CVJul 9, 2020

Towards Unsupervised Learning for Instrument Segmentation in Robotic Surgery with Cycle-Consistent Adversarial Networks

arXiv:2007.04505v16 citations
Originality Incremental advance
AI Analysis

This addresses the challenge of acquiring large annotated datasets for surgical tool segmentation, which is crucial for instrument pose estimation and image integration in robotic surgery, though it is incremental as it builds on existing adversarial network techniques.

The paper tackles the problem of surgical tool segmentation in endoscopic images by proposing an unsupervised learning approach using Cycle-Consistent Adversarial Networks, eliminating the need for expensive manual annotations. It demonstrates competitive performance with supervised methods on the Endovis 2017 challenge dataset.

Surgical tool segmentation in endoscopic images is an important problem: it is a crucial step towards full instrument pose estimation and it is used for integration of pre- and intra-operative images into the endoscopic view. While many recent approaches based on convolutional neural networks have shown great results, a key barrier to progress lies in the acquisition of a large number of manually-annotated images which is necessary for an algorithm to generalize and work well in diverse surgical scenarios. Unlike the surgical image data itself, annotations are difficult to acquire and may be of variable quality. On the other hand, synthetic annotations can be automatically generated by using forward kinematic model of the robot and CAD models of tools by projecting them onto an image plane.
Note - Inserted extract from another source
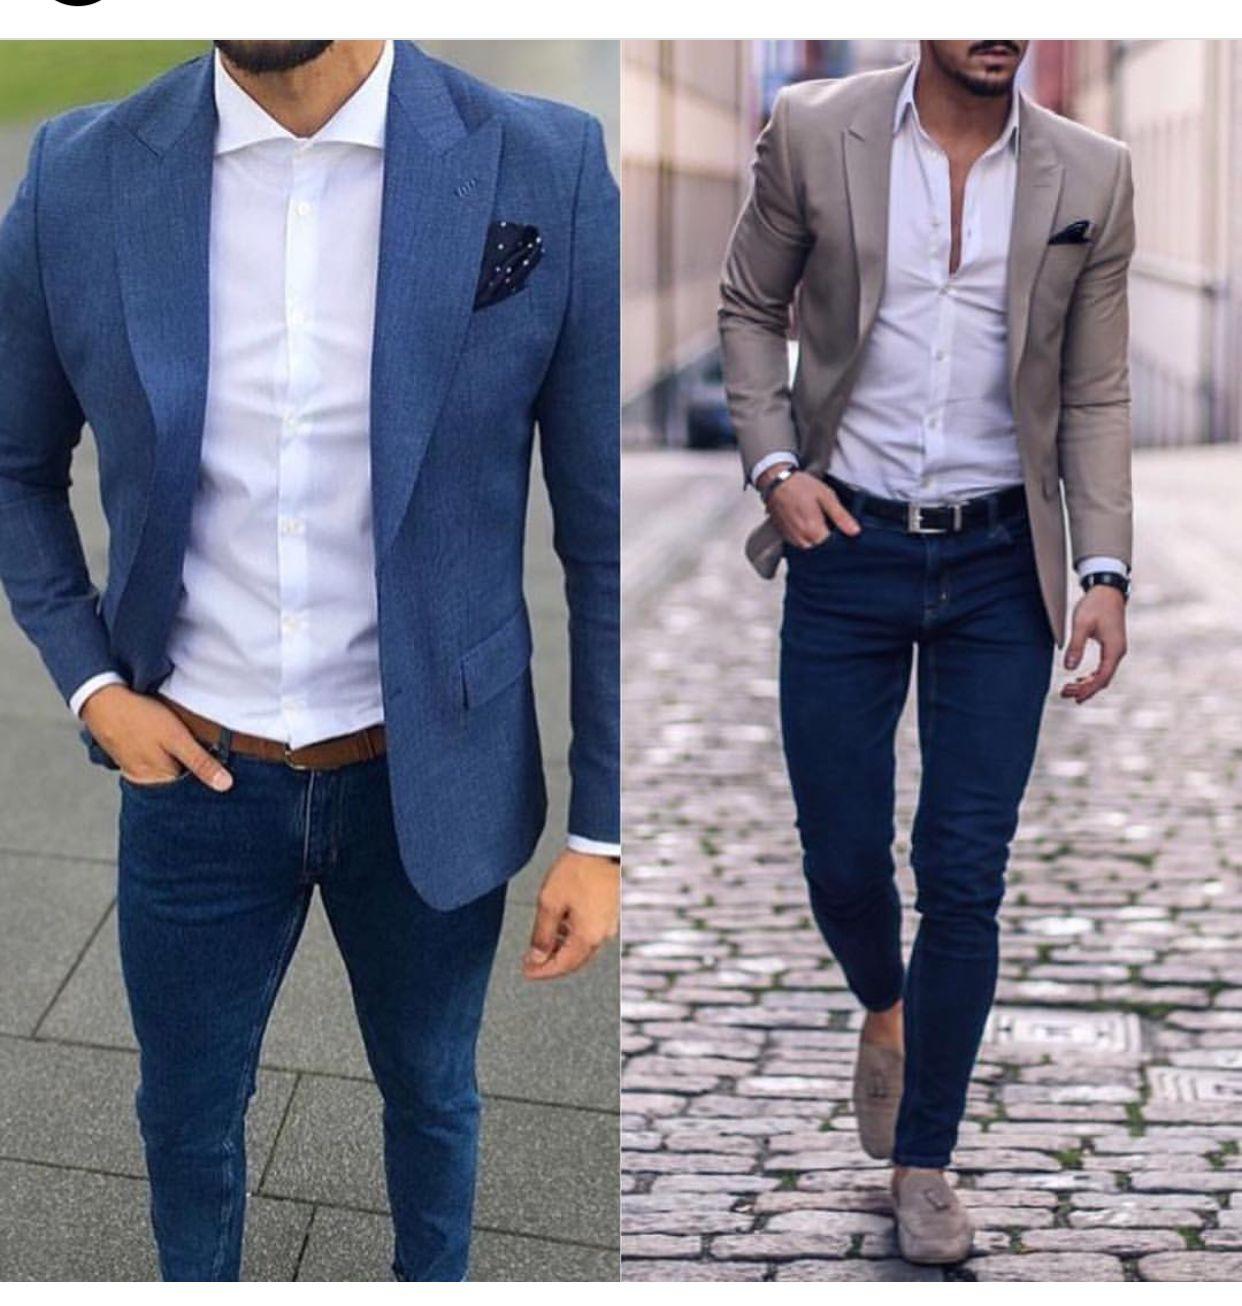 Manstyles-Bild Von Imukler | Anzug Mode, Männliche Mode
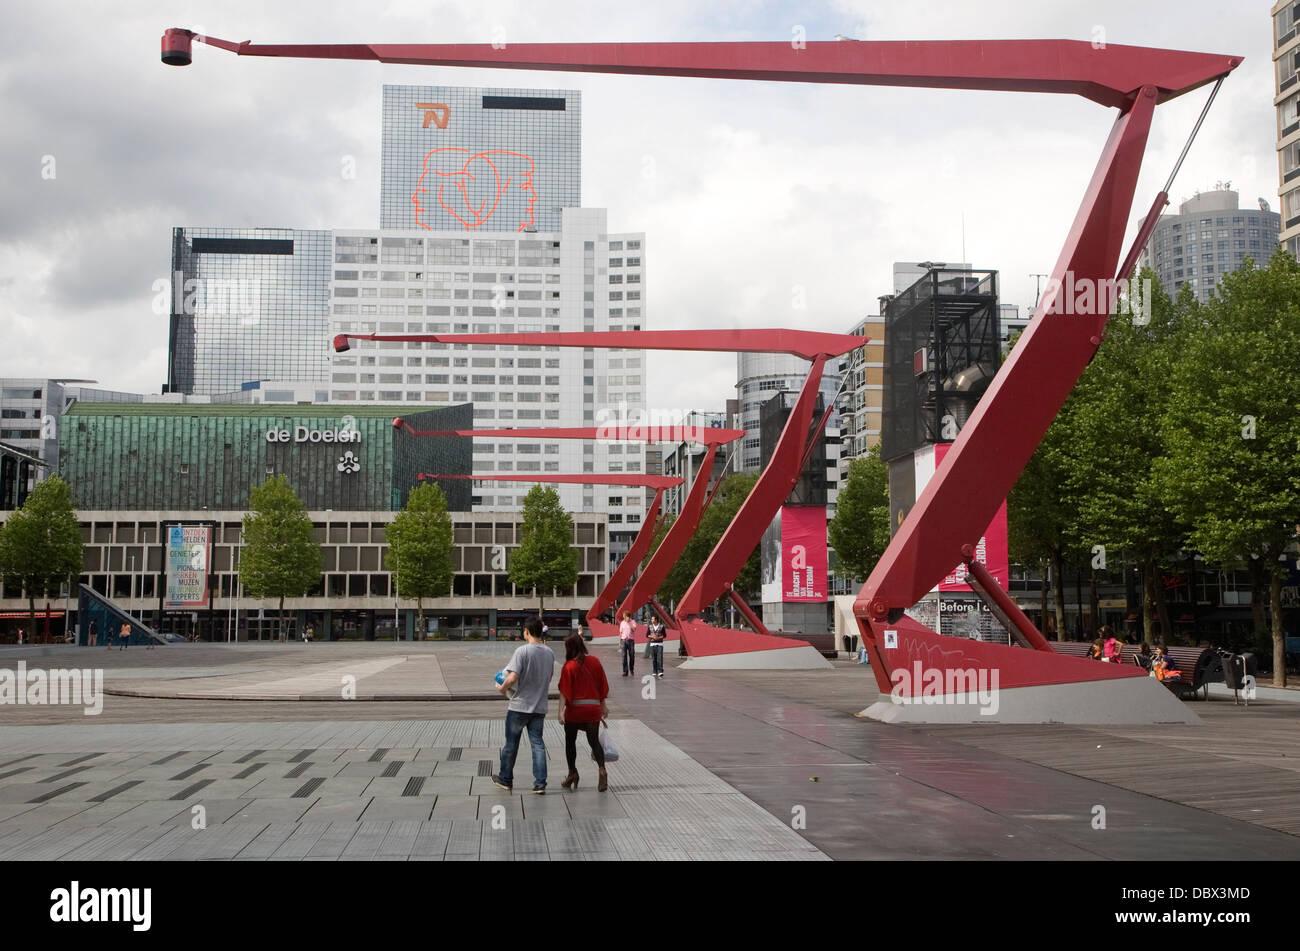 Schouwburgplein square Rotterdam Netherlands designed by Adriaan Geuze Stock Photo

Unfortunately, this model is very inaccurate and cannot be used for supervised learning of image segmentation models. Since generated annotations will not directly correspond to endoscopic images due to errors, we formulate the problem as an unpaired image-to-image translation where the goal is to learn the mapping between an input endoscopic image and a corresponding annotation using an adversarial model. Our approach allows to train image segmentation models without the need to acquire expensive annotations and can potentially exploit large unlabeled endoscopic image collection outside the annotated distributions of image/annotation data. We test our proposed method on Endovis 2017 challenge dataset and show that it is competitive with supervised segmentation methods.